Lawmakers are increasingly mentioning Black History Month on social media, especially Democrats

A growing share of congressional lawmakers have taken to social media each February to commemorate Black History Month, according to a Pew Research Center analysis of their Facebook and Twitter activity. Nearly two in three members of Congress (64%) mentioned Black History Month on Facebook or Twitter in February 2021, up from just 29% in 2015.

Previous research from the Center found that Democratic lawmakers are more likely than Republicans to mention the #BlackLivesMatter hashtag on social media. The new analysis finds that Democrats are also more likely than their GOP counterparts to discuss Black History Month on social media.

Every year since 2016, a majority of Democrats in Congress have made Facebook or Twitter posts acknowledging Black History Month. That share increased by 9 percentage points between 2020 and 2021, with 91% of Democratic lawmakers doing so last February. By contrast, less than half of Republicans in Congress have mentioned Black History Month every year since 2015. But that share has also increased significantly over that time, including a 29% to 36% increase between 2020 and 2021.

This article examines how members of Congress are using social media to discuss Black History Month, which is commemorated each February. To conduct this analysis, the Pew Research Center collected every Facebook post and tweet created by every voting member of Congress each February from 2015 through 2021. The analysis includes members’ official, campaign, and personal accounts.

Articles by lawmakers were categorized as mentioning Black History Month if the text of the article included the phrases “Black History” or “Black History Month”, or used the hashtag #BlackHistoryMonth. For posts mentioning Black History Month in 2020 and 2021, the Center used a text analysis technique known as Named Entity Recognition (NER) to identify the lawmakers mentioned in those posts. Here is the detailed methodology of this analysis.

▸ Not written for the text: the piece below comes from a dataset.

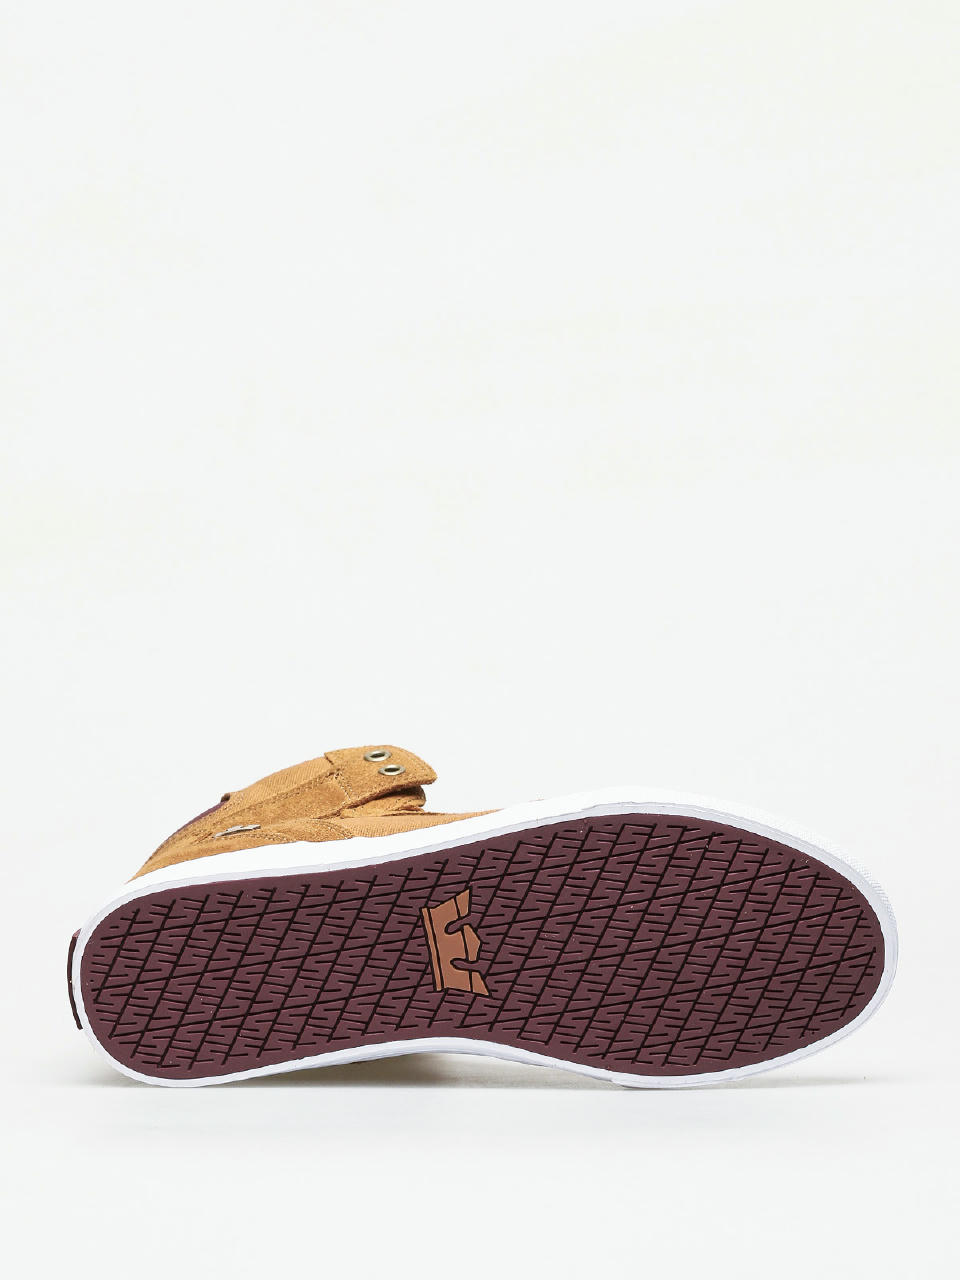 Supra Men's Vaider Hi Top Sneaker Shoes Tan/Wine-White Footwear Skateboarding...
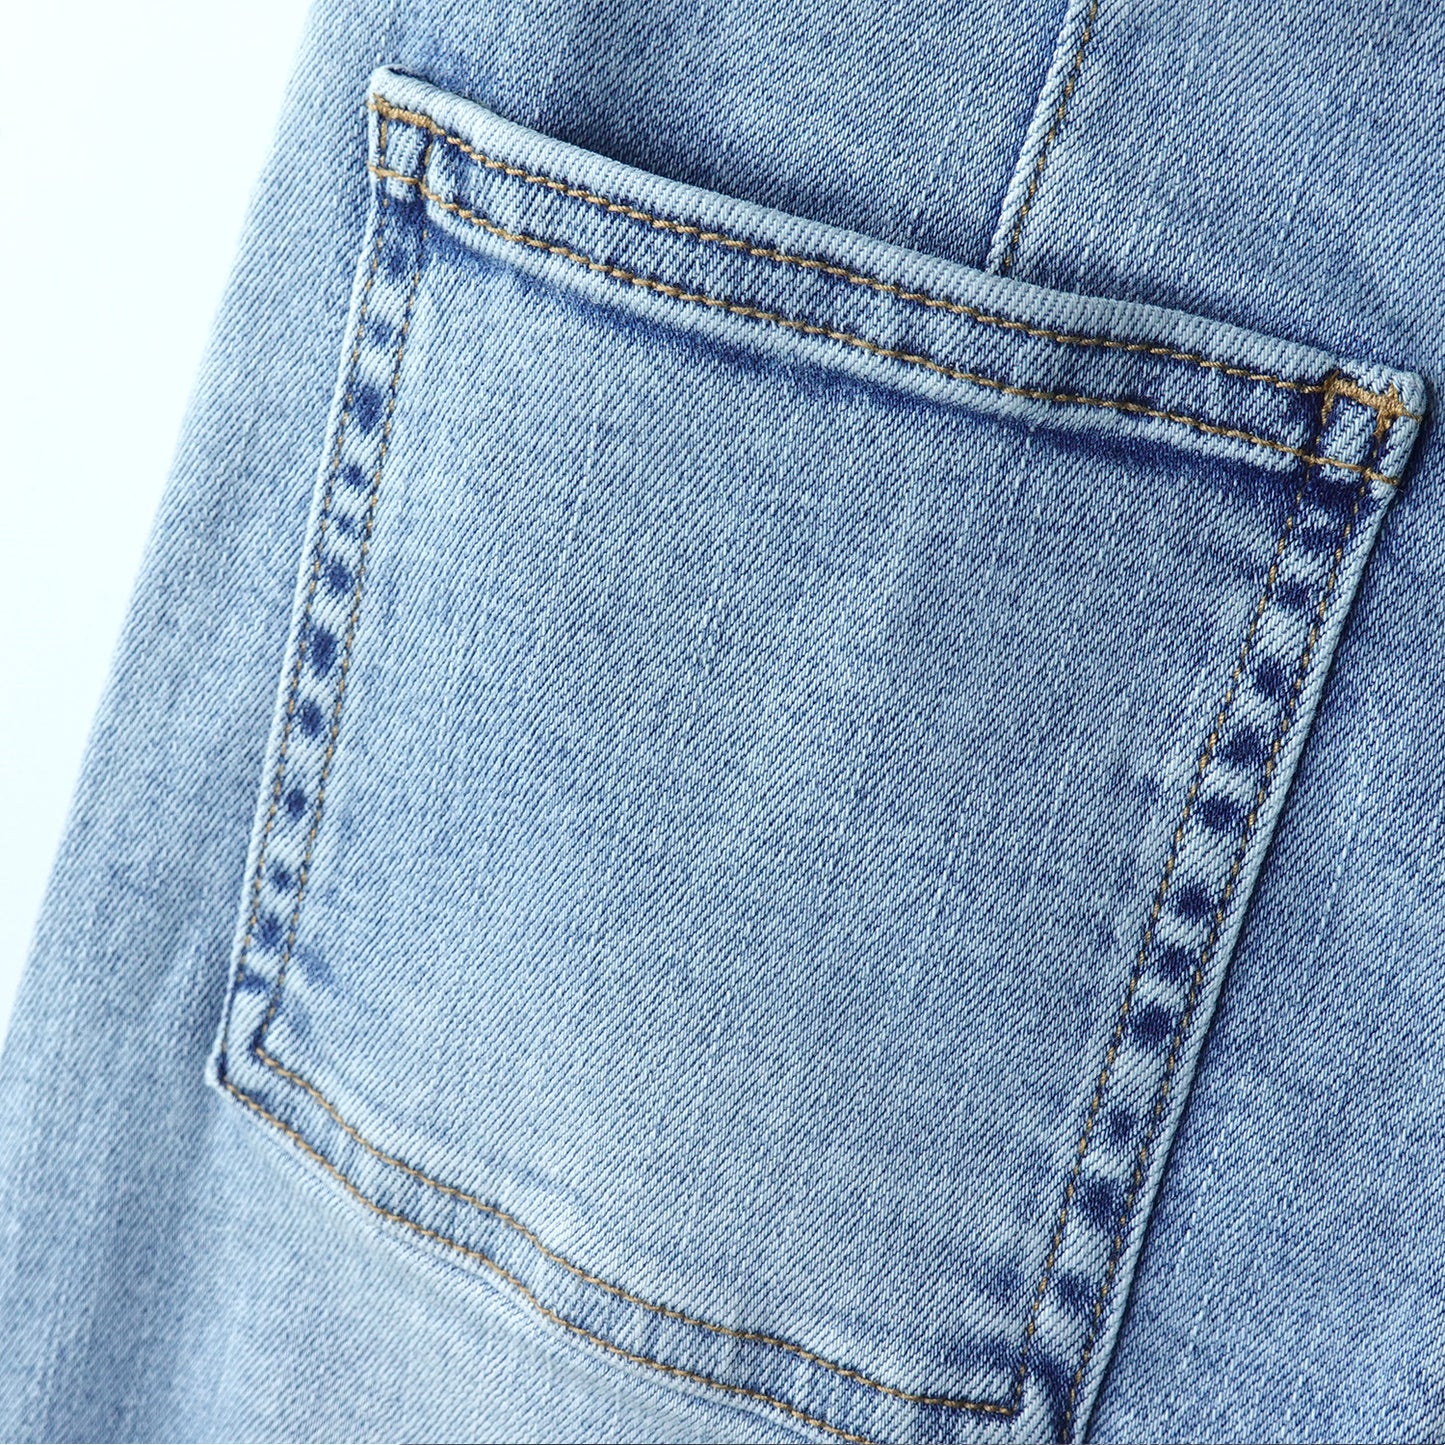 Boys Jeans Children Ripped Soft Stretchy Classic Denim Pants

Black members of Congress have produced a significant portion of these messages in recent years. While black lawmakers have made up 9% of members of Congress over the past two years, together they made up 35% of members’ posts mentioning Black History Month in February 2020 and 2021. Black Members of Congress are mostly Democrats.

When it comes to the specific language used in articles by lawmakers about Black History Month, “celebrate” and “honor” are two of the most commonly used substantive terms. Each word appeared in 19% of these posts since 2015. Other common terms include “civil rights” (used in 12% of posts), “justice” (10%) and “equality” (8%).

A bar chart showing that civil rights figures are among the most mentioned people in articles by lawmakers about Black History Month

In addition to reviewing the terms used in legislators’ Black History Month messages, the Pew Research Center has identified the people, historical and contemporary, who have been referenced by the most lawmakers in those messages. . In February 2020 and February 2021, civil rights icon Rosa Parks was the most mentioned person in articles by lawmakers about Black History Month: 40 lawmakers mentioned Parks in this context in 2020 and 41 the have done in 2021. People in the top 10 in both years also included civil rights leader Martin Luther King Jr., abolitionists Frederick Douglass and Harriet Tubman, and Shirley Chisholm, the first black woman in Congress.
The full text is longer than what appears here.